Entrepreneurship, in Balancing 5 Acts.
I’ve noticed an interesting quality about entrepreneurs, which is their ability to operate and control many different areas of focus, rather than specializing in one discipline. Unlike large companies, entrepreneurs don’t have the luxury of specializing personnel to specific disciplines. Rather, entrepreneurs must focus on a vast multitude of different skill areas. This diversity of knowledge, and practise (tasks, activities, projects) has profound implications. Entrepreneurs who master the following acts, will guide their firms to riches and dreams to reality.
Act 1. Entrepreneurs need to be able to operate at least a moderate skill within each discipline. While some disciplines are harder than others, the more complex and inherently difficult that discipline is to learn the more valuable it is.
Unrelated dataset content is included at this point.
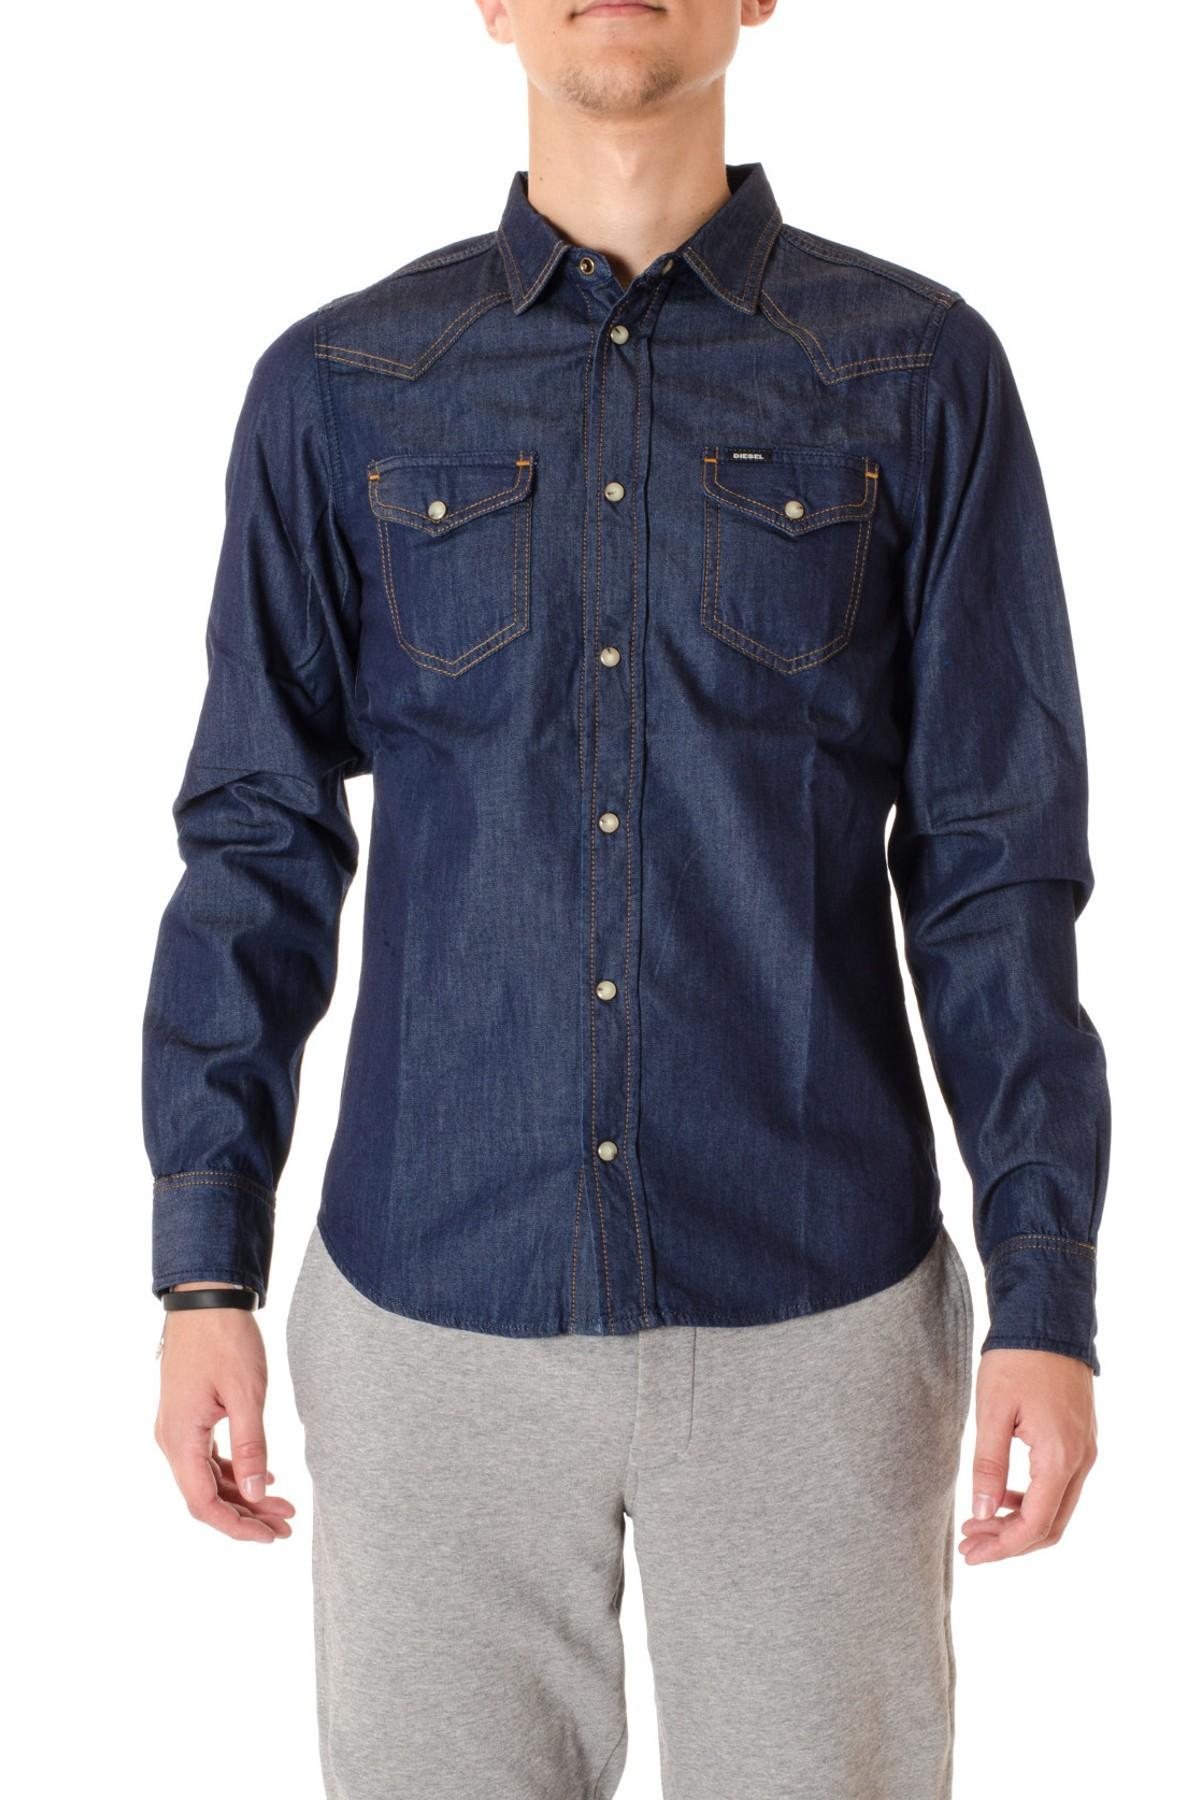 22e86e9fd259e1 Camicia in denim blu DIESEL A/I per uomo - Rione Fontana

Entrepreneurs who posses and acquire valuable skills naturally become more successful. In a pinch, they can sell their skills. If they invest their skills in their enterprise, they stand to reap the full value of that skill, not simply the market value of the skill’s labour. While it is true that inherently valuable skills will save entrepreneurs from having to purchase those skills from others, the real benefit comes from reaping the rewards of adapting the skill towards a valuable purpose withing the business. This act alone does not guarantee success. Being too specialized means entrepreneurs run the risk of missing an important link, say, sales, or marketing, or distribution, which defeats the whole point.
Act 2. Successful entrepreneurs will devote time to the most valuable and meaningful activities, and delegate low-value activities to others. Any worker who earns the fruits of their labour independently, rather than as a staffer with a fixed wage in a company, inherently needs to invest time in order to reap the benefits of those investment.
Act 3. Entrepreneurs, and sales people (employee-entrepreneur hybrids) understand the value of their time, become highly conscious of it, and are motivated to conserve time. These self-employed individuals will invest time in planning. They may even invest time in inventing solutions that save them even more time (cough! longboard. Cough cough…)
Act 4. Successful entrepreneurs will invest time reviewing the raw data, compiling that information and making an informed decision about the direction they take their business. They will invest their time in exploring the market, exploring relationships, networking, investigating opportunities and listening to proposals.
Act 5. A. Entrepreneurs will learn from others, emulate the success of others by applying the same principles and lessons, listening to the wisdom of others, especially unique, obscure and isolated ideas that are not mainstream. They will combine ideas or expand on them. They will tinker, copy, create, draw, imagine, vision and ideate. Do you have a problem? Generating ideas about how to solve it (i.e brainstorming) is the fastest and most effective way to improving your situation. But this works if, and only if Act 5. B. is accomplished.
5. B. Successful entrepreneurs are actively doing something right now. Not vaguely sometime in the future. Not later, tomorrow or sometime. They are planning and acting on their goals actively, every day, every month of every year. It’s that simple. Work on your ideas. Get what you want. Act Now.